Friday, 24 August 2007

Mercurial Millionaire

One of the most important men in the development of the early Welsh railways was the colourful character Thomas Savin of Oswestry in Shropshire. His Savin ancestry can be continuously traced back in the county to the seventeenth century, with the earliest surviving record of a Savin in Shropshire being an entry in the 1672 Hearth Tax return at Muckleton.

Born in 1826, Thomas was the son of John and Mary Savin of Llwynymaen and in 1847 started his first commercial venture in partnership with Edward Morris as a mercer, draper and grocer, until 1858.

The following story is often recited to demonstrate Thomas’s impetuous and impatient nature, which was both his making and undoing. Whilst still a draper he travelled to a Welsh border market town to sell his wares. It was the custom here for the farmers not to look at any other business until the livestock had been sold. But Thomas could not wait and so he rushed into the arena and bought a thousand sheep to end the livestock market.

Thomas Savin soon became acquainted with a Mr. David Davies, a highway contractor and became his partner in several important railway undertakings. The first of these was the railway from Llanidloes to Newtown, but before this was finished they completed the Vale of Clwyd line in 1858. They then completed the Oswestry and Newtown line in 1862, contracted for the Newtown to Machynnlleth line, which was finished in the same year and another line from Brecon to Merthyr. They also promoted a line from Machynlleth to Aberystwyth. But Thomas was not content with this and insisted embarking upon extensions to Pwllheli. He had a grand scheme of building luxury hotels at Aberystwyth, Borth and Aberdovery with the idea of offering package tours. But Davies could see that Thomas Savin was overstretching himself and dissolved the partnership in 1860.

In 1863 Thomas was elected Mayor of Oswestry, made a Lieutenant in the Montgomery Rifles and in 1864 appointed Captain of the 15th Shropshire. By 1866 he appeared to be at the pinnacle of his success and was familiarly known as “Savin the Millionnaire”. His net worth was more than a million pound sterling which is equivalent in today’s real terms of fifty million pounds. There was even speculation that he would enter into Parliament. The Cambrian Railway works were at his insistence constructed in his home town of Oswestry bringing much wealth to the borough and it was credited with doubling the population. However his continual acceptance of shares, instead of cash, for payment meant that he simply ran out of readily available money and went bankrupt in that same year.

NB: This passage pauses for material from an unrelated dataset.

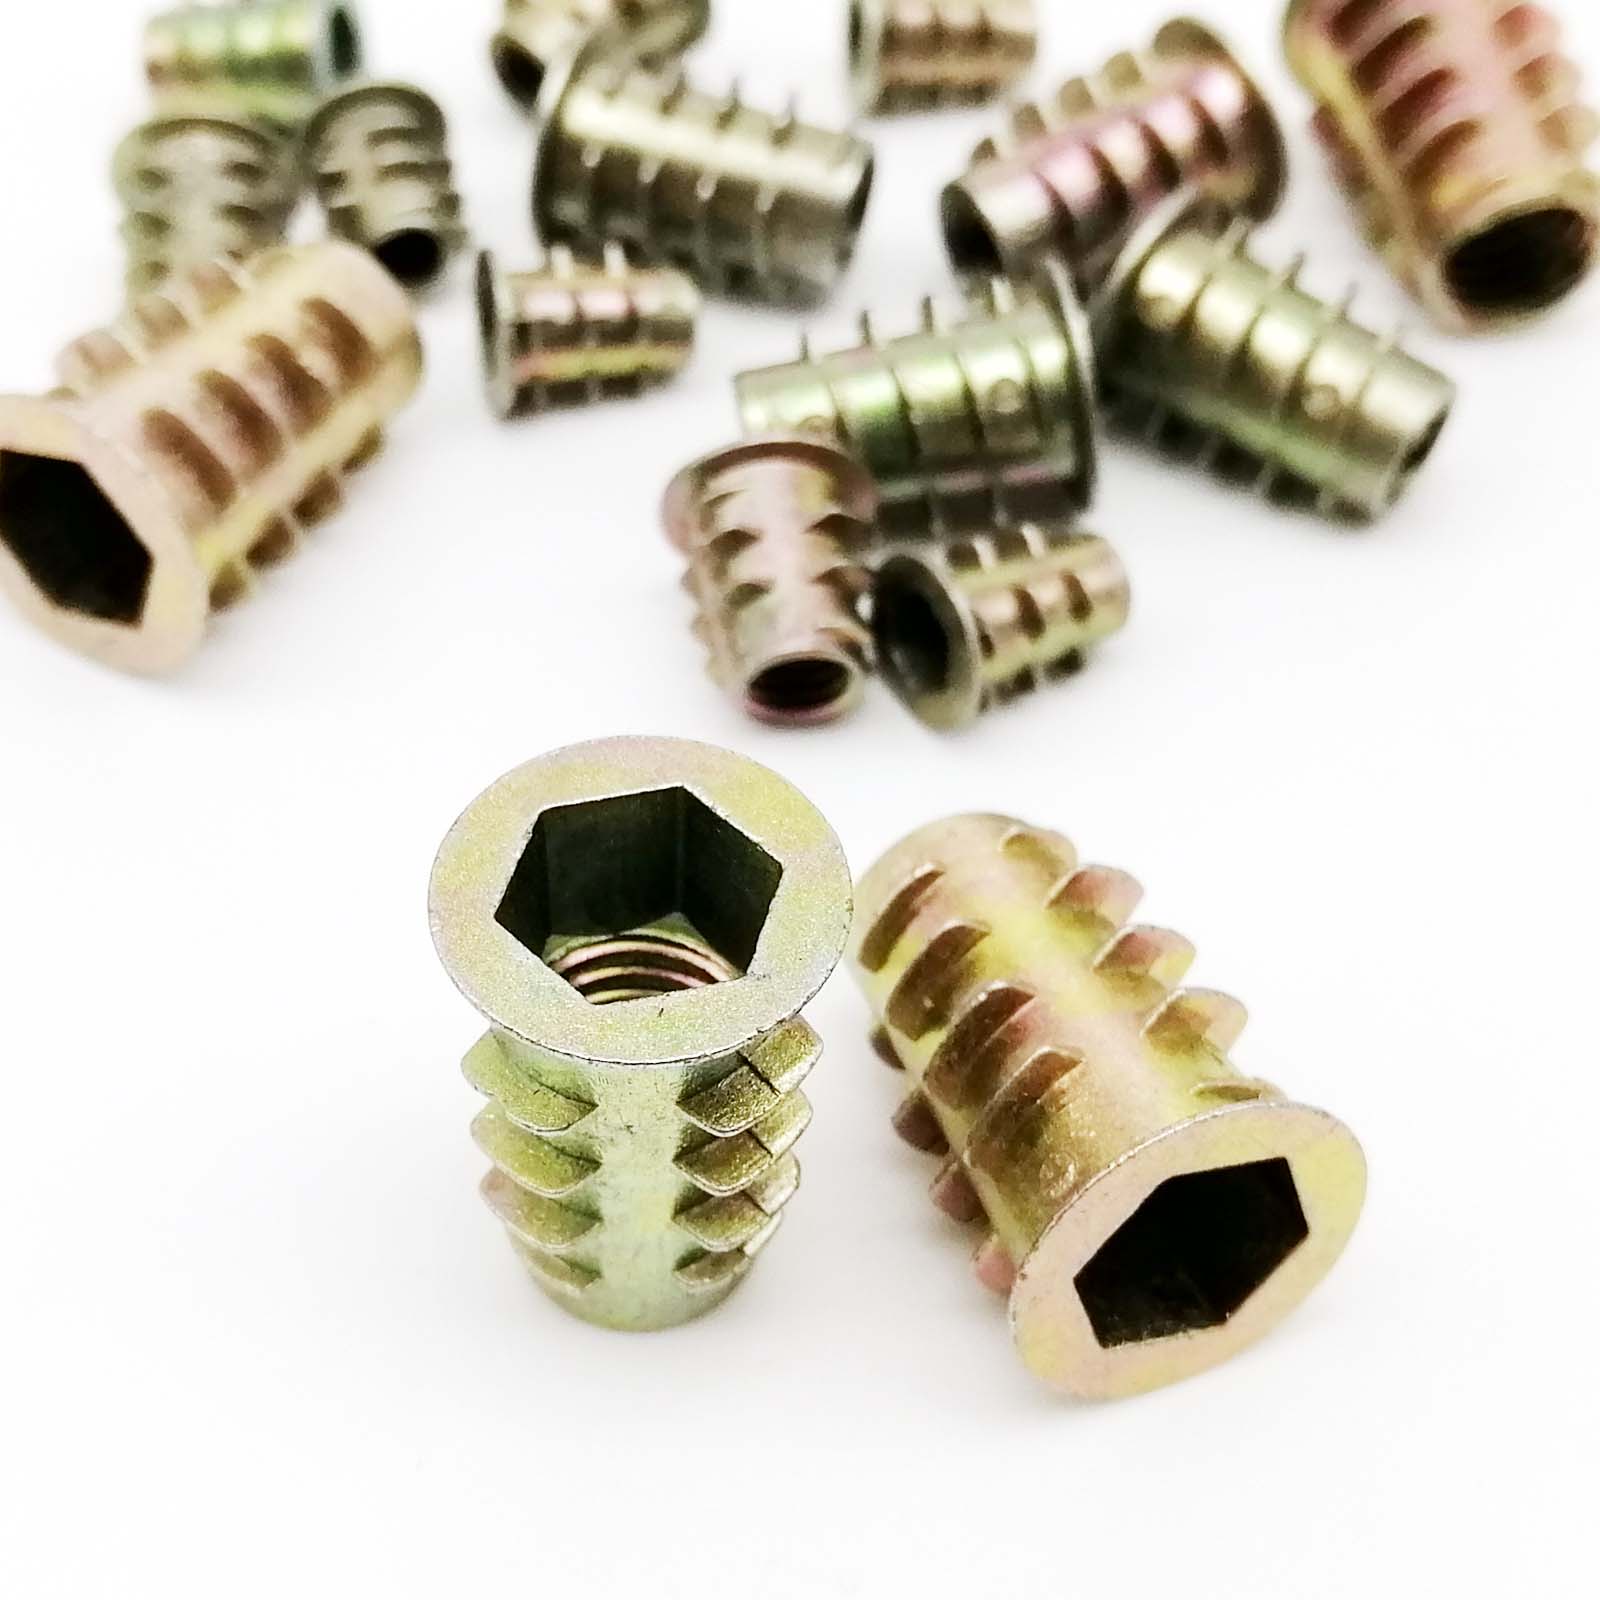 50Pcs Insert Nuts Zinc Alloy M4/M5/M6/M8/M10 Hex Socket Screw-in Type Used for Office Appliance Industry 
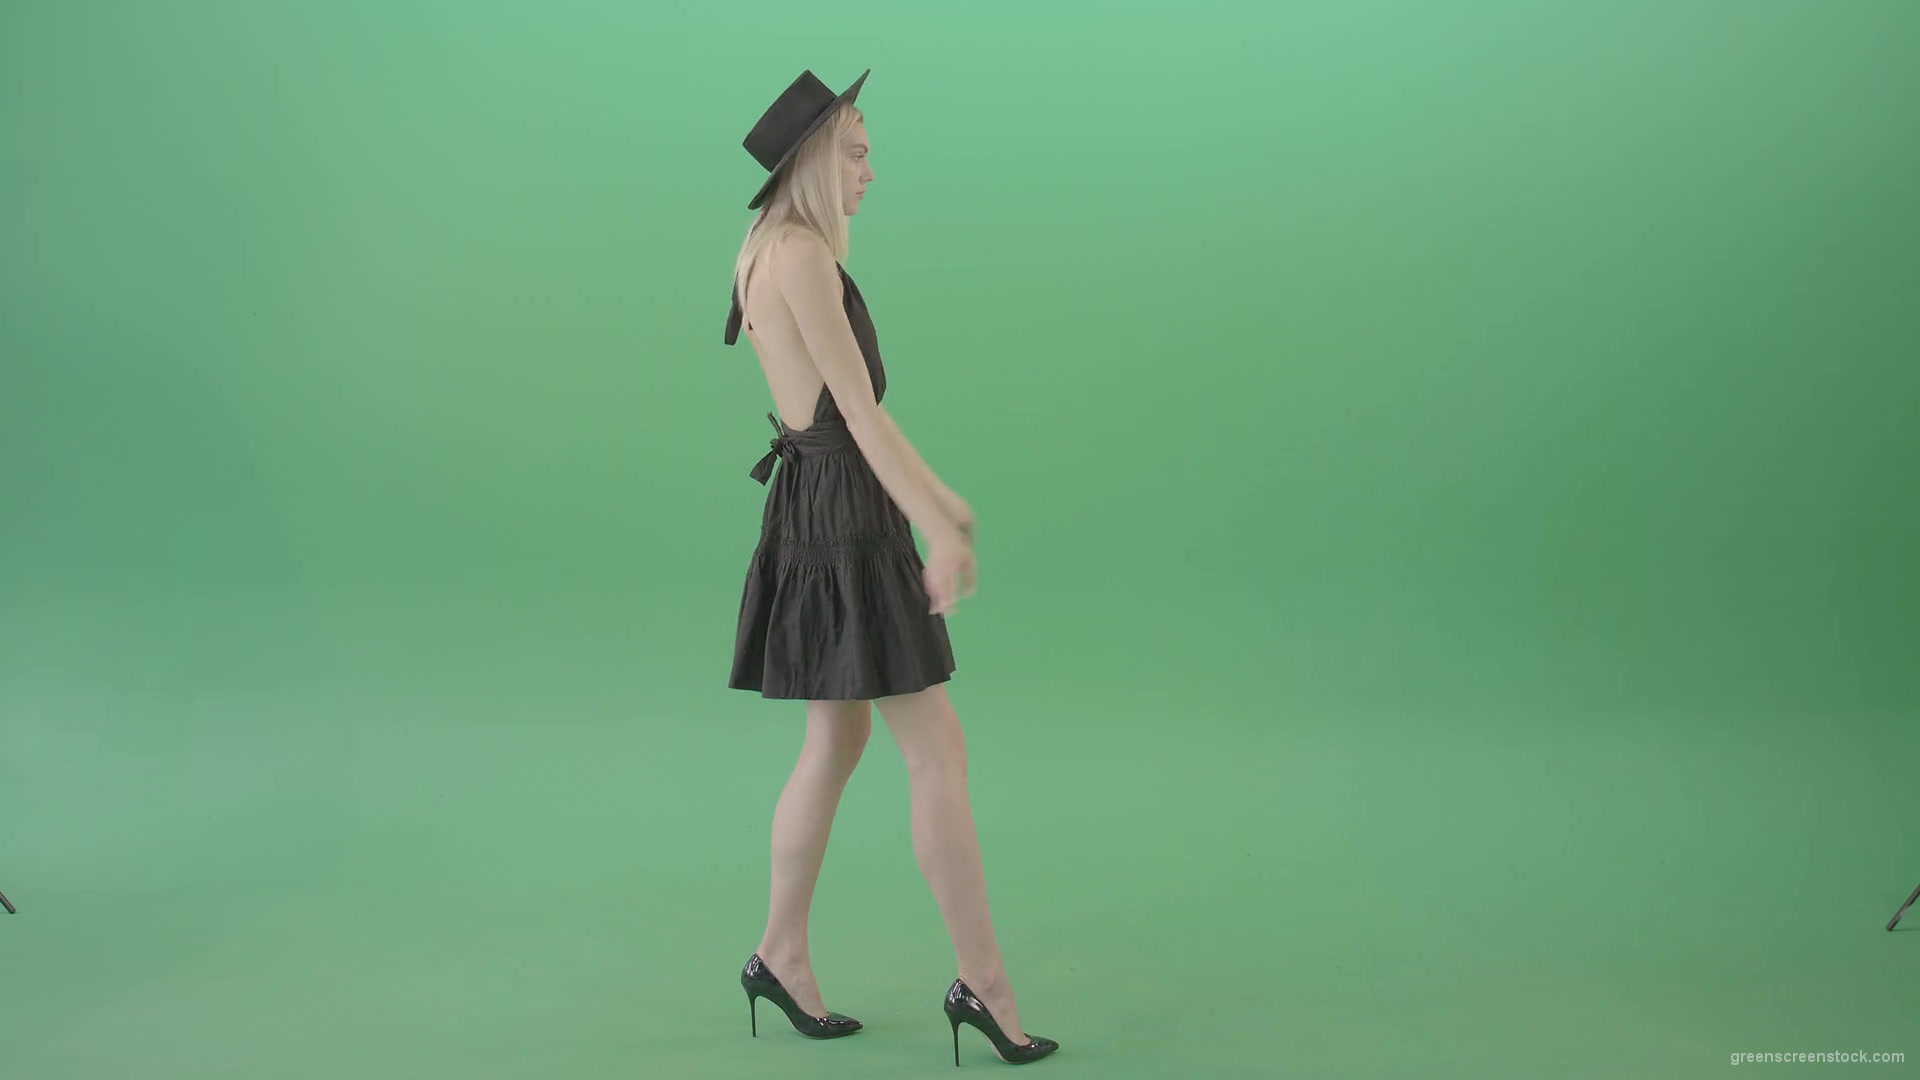 Sexy-blonde-girl-dancing-in-black-fashion-wear-dress-isolated-on-chromakey-Green-Screen-Video-Footage-1920_004 Green Screen Stock

After his failure Thomas took no further part in railway building but continued with his coal mining and limestone quarrying interests. But he still showed his vigour in a series of lawsuits, in particular with respect of the damage his traction engines did to the local highways which were publicised nationally by many references in The Times newspaper. In 1871 he was appointed an Alderman for Oswestry, an office he retained for the rest of his life and was also a Magistrate.

He died in 1889, aged 62, survived by his wife Elizabeth whom he had married in 1852, and two sons. His estate upon his death was only valued at £104 and 10 shillings.

Thomas Savin with his unconventional style, self promotion, involvement in railways and other businesses, challenges in the courts and rise at one time to great wealth could said to have been the “Richard Branson” of his day.